INFORMATION SHOWN
____

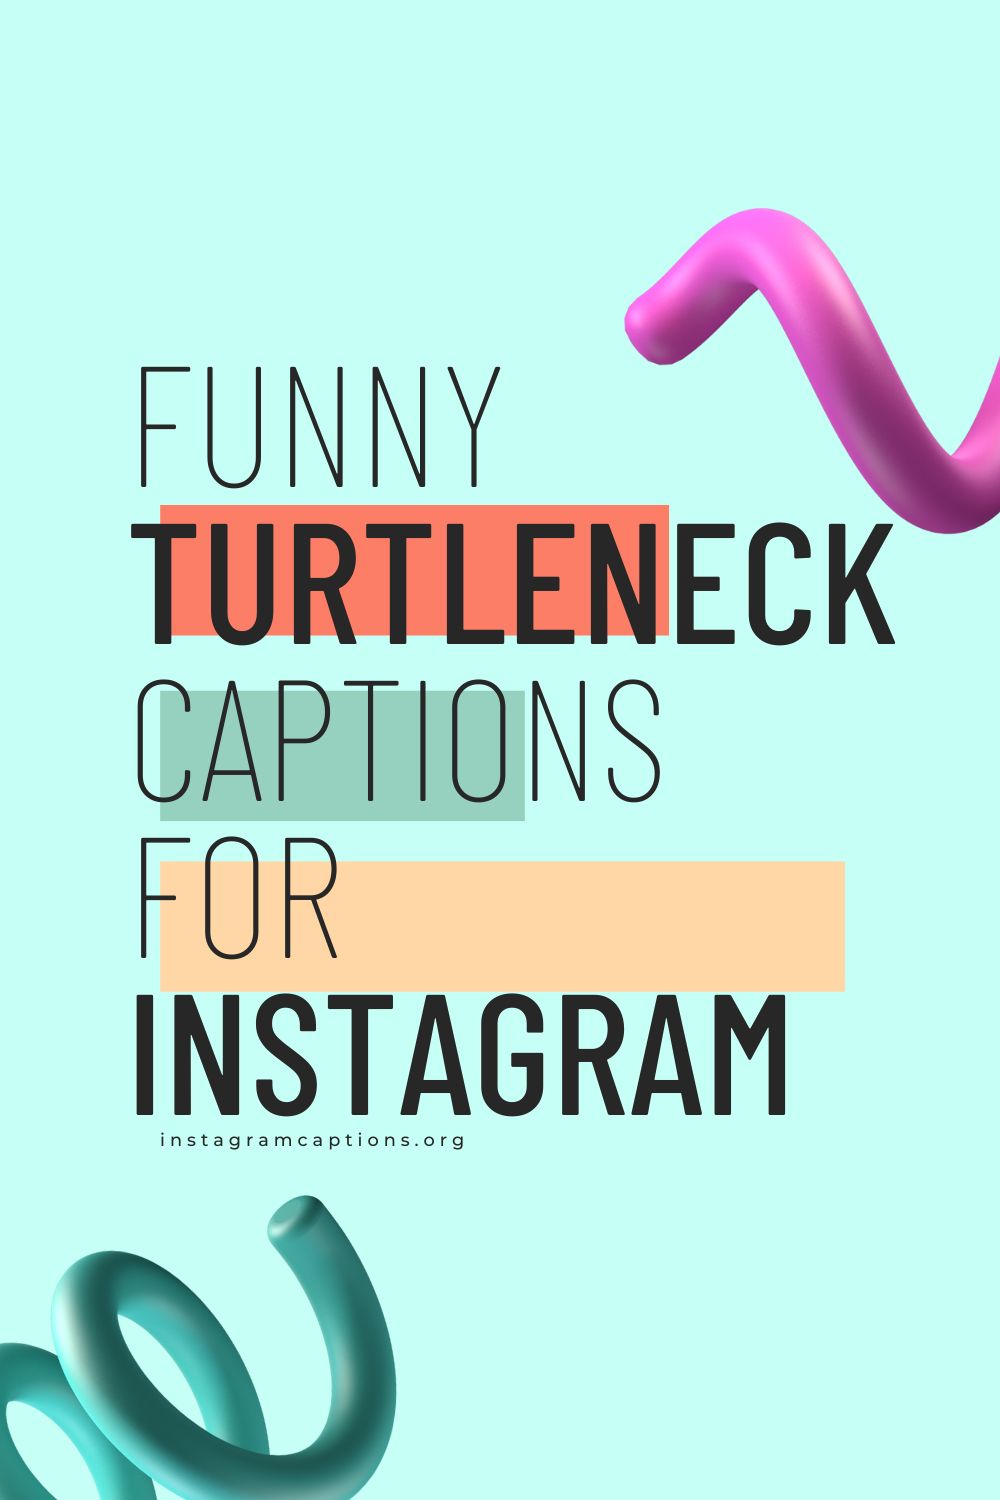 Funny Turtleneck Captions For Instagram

____

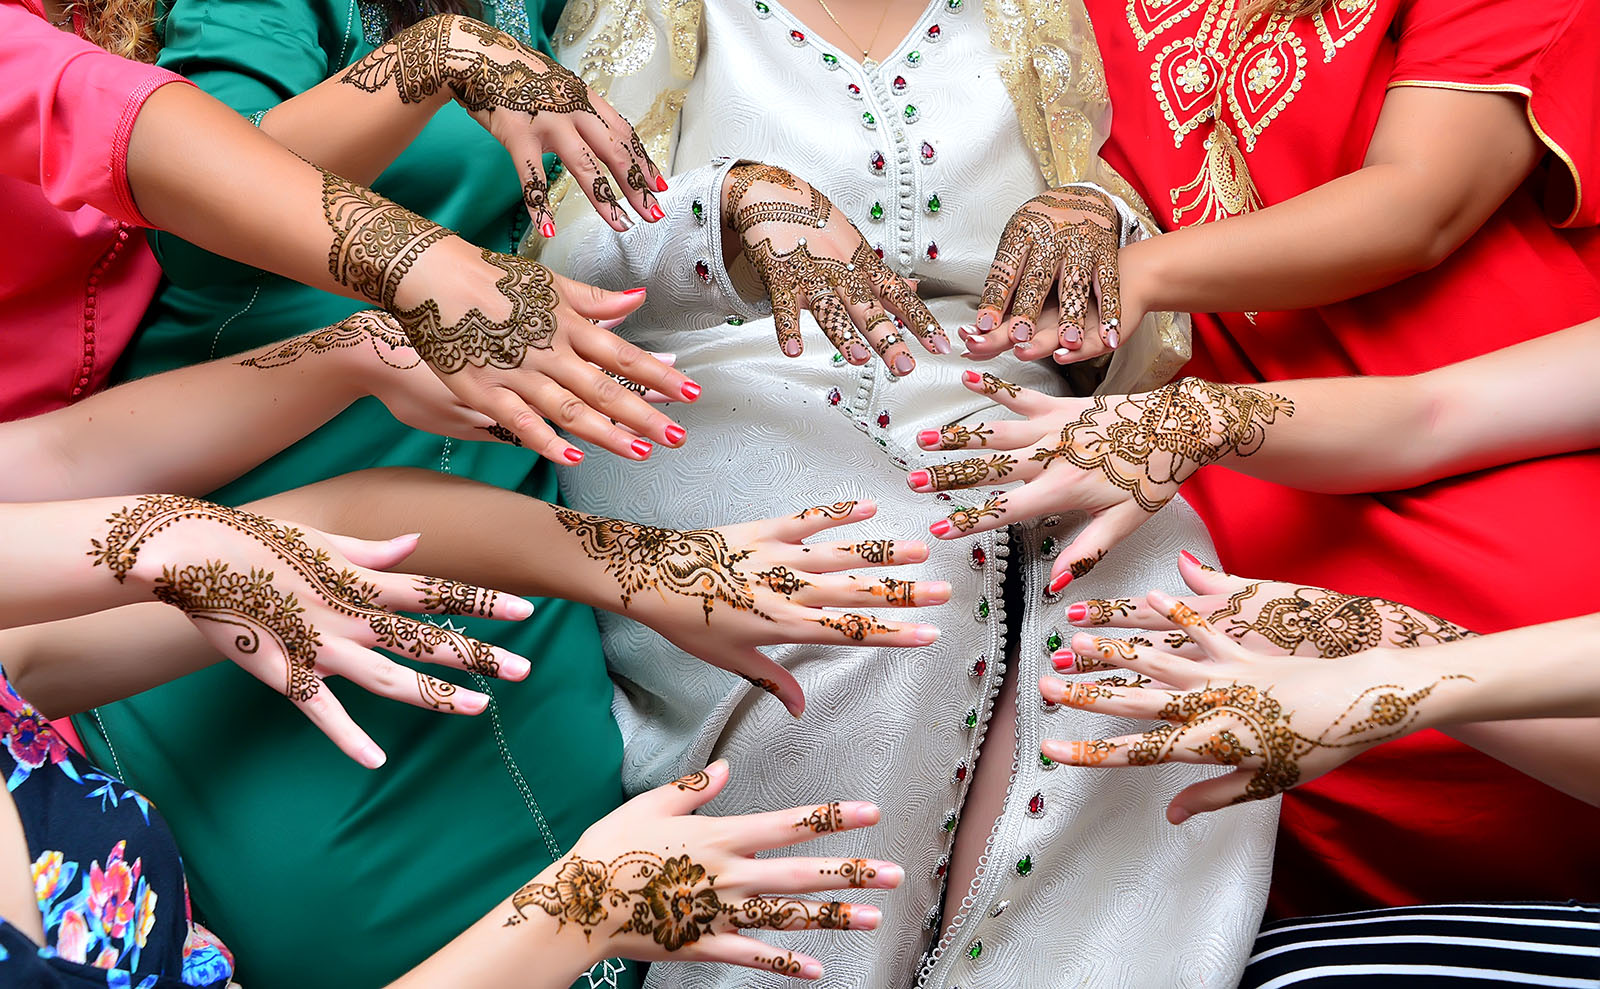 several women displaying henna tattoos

____

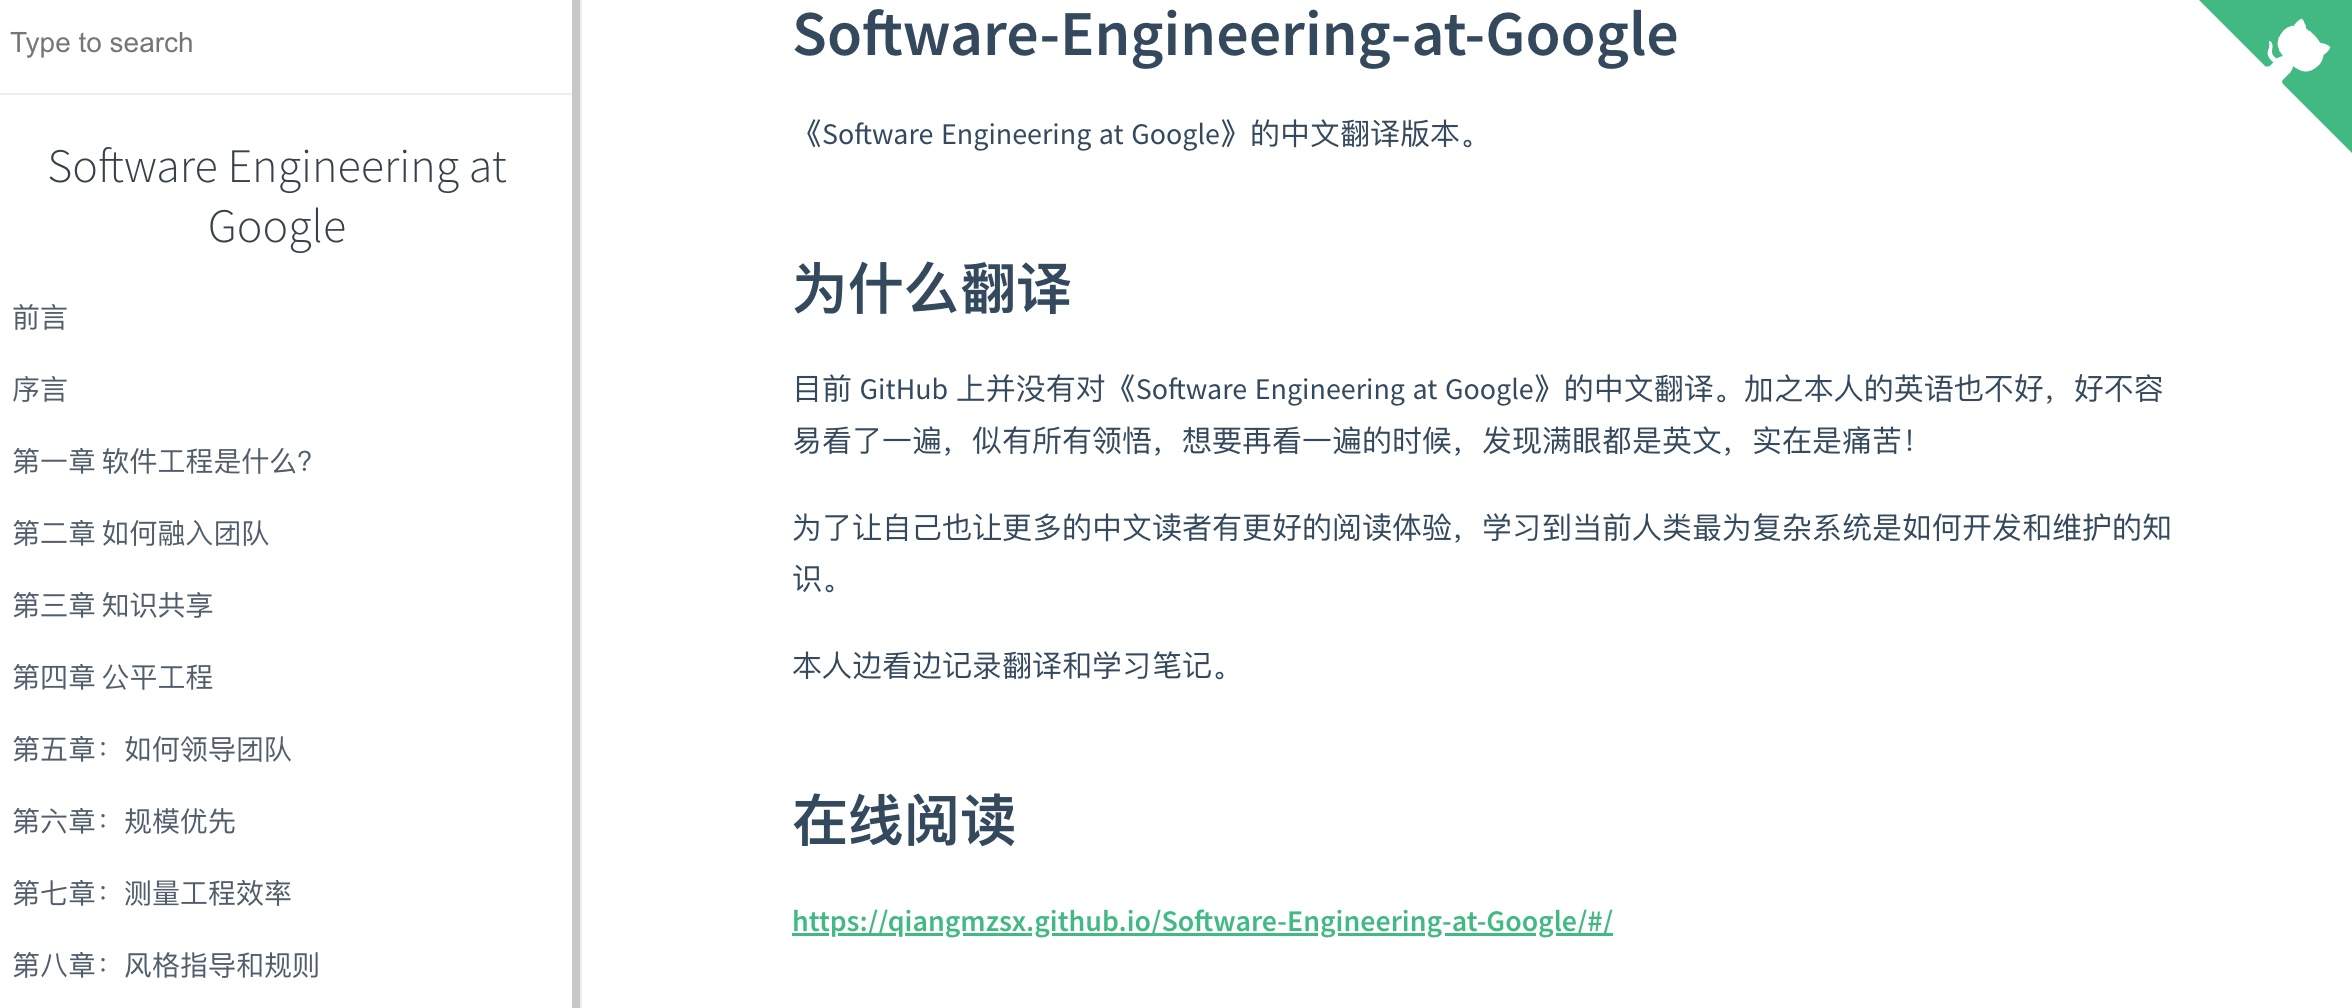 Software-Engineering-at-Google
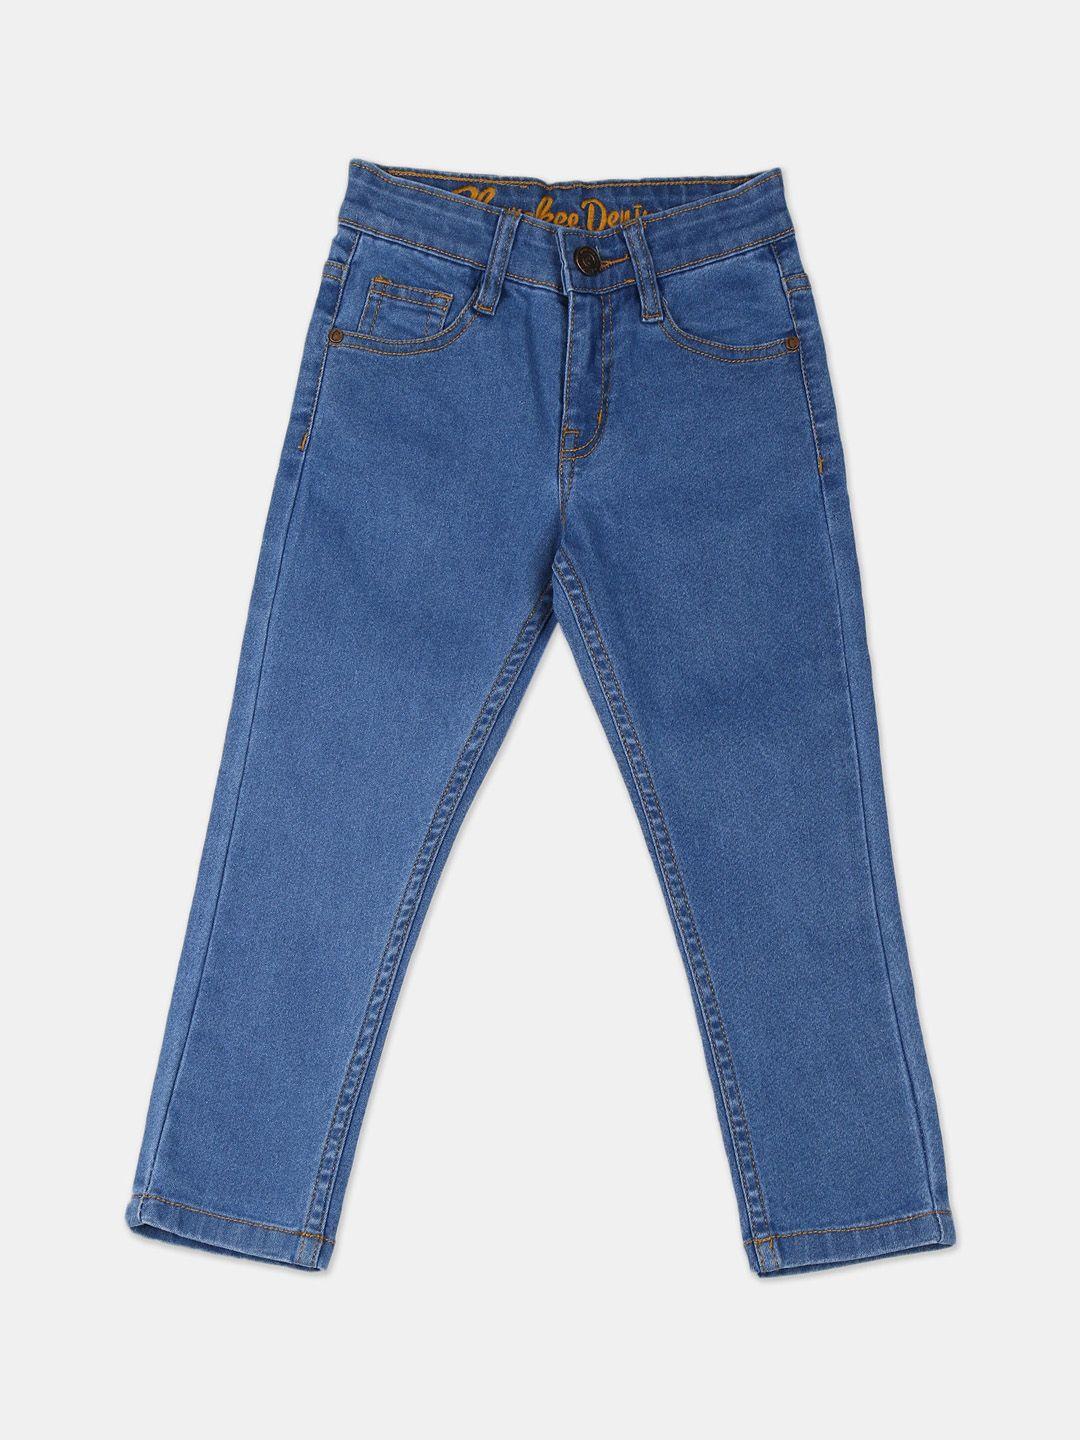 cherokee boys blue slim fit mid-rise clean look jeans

____

YOUR OBJECTIVE
Set down word for word the lines above from the one with "Software-Engineering-at-Google" up to and including the one with "cherokee boys blue". Omit every picture.

WRITTEN REPLY
 Software-Engineering-at-Google
 cherokee boys blue slim fit mid-rise clean look jeans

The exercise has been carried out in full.